Tommy Kramer Tip #66 – Work from the Listener BACK

Here’s something that should be obvious, but apparently isn’t. Work from the Listener back, not from the Control Room forward.

Example: Once, a morning team that I work with in Houston wanted to talk about American Idol auditions being held there the next day. Although they did a pretty good job of delivering the information, using the music from the show as staging, they missed the opportunity to get inside the Listener’s life and make it more visual by describing the scene in her house. (That station’s target Listener is a 28-year old female named “Jennifer,” with a husband, “Mike,” and a baby girl – two years old.)

Here’s the real deal:

It’s just before 6:00 in “Jennifer’s” house on the night before the auditions, and she’s telling her little girl and her husband that if they want dinner, they can either cook something themselves, or go get some takeout food. But they can FORGET seeing her there, because she’s going to the auditions, and if it means standing under a bridge in the rain for 12 hours, that was just tough…because that’s exactly what she’s going to do!

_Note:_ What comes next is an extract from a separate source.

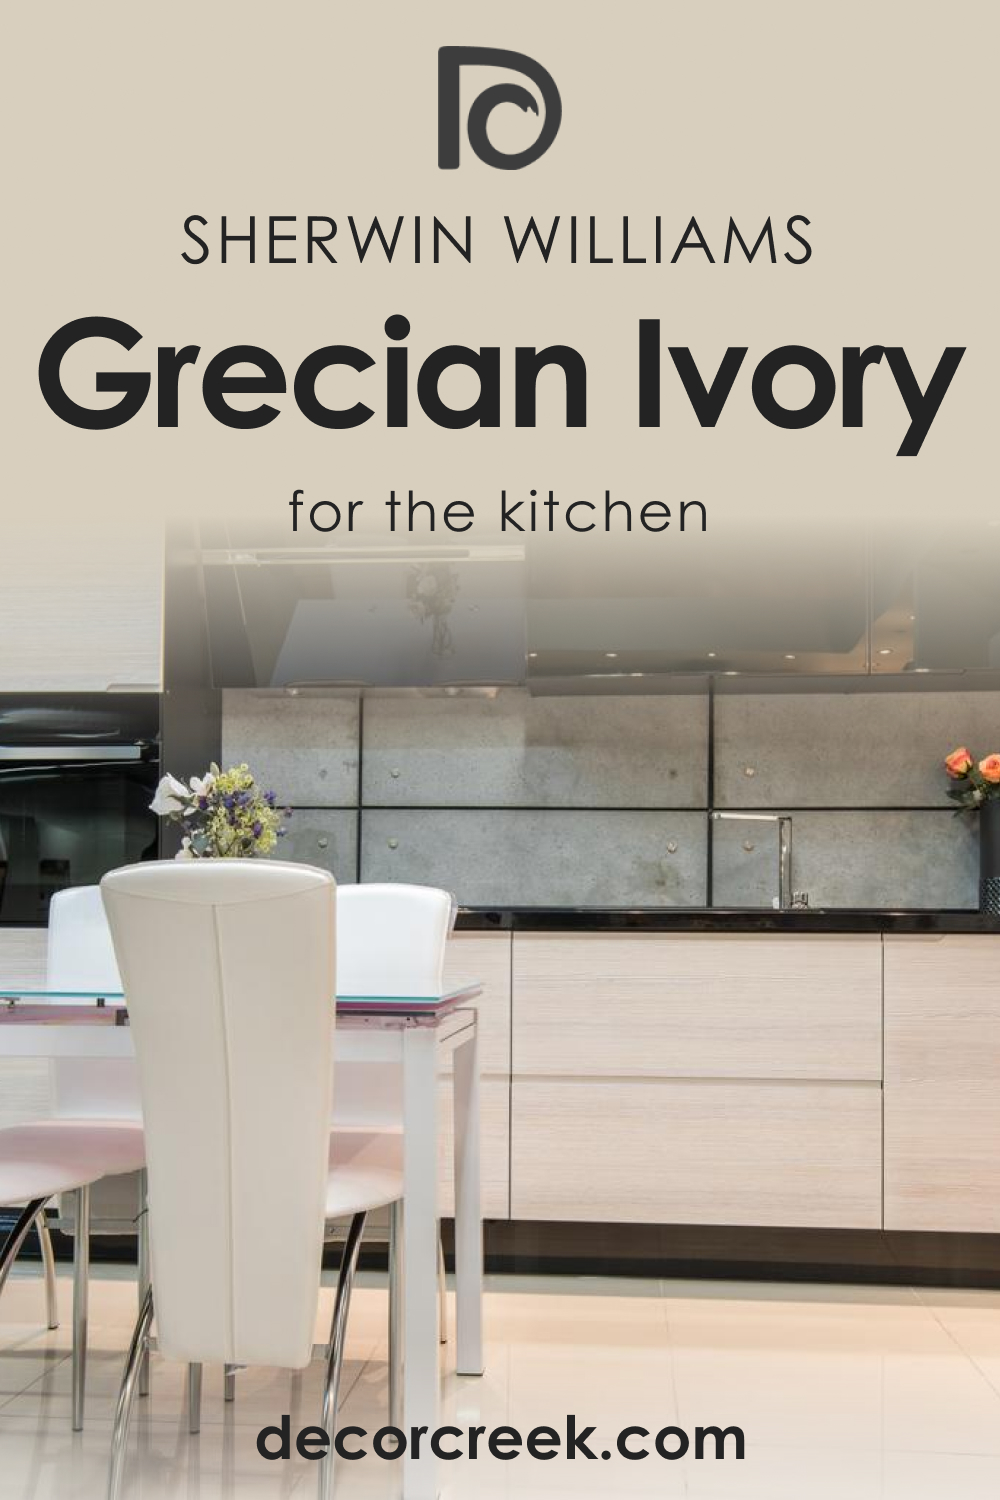 How to Use SW 7541 Grecian Ivory for the Kitchen?

Describing that scene on the air, with its animation and sense of urgency, would be much more compelling than just giving the information.

Most Air Talents make the mistake of deciding what they want to do, and then projecting it toward the Listener. But it’s easy to just sound clinical or informational, and lose the opportunity to convey the visual “flavor” of that “scene” in the Listener’s life. In reality, what ALWAYS works is starting from the Listener’s perspective and working back to the Control Room, then putting that on the air.

You can never go wrong by reflecting your Listener’s life back to her (or him). It gives you a much better chance of ‘linking up’ in a right-brain way.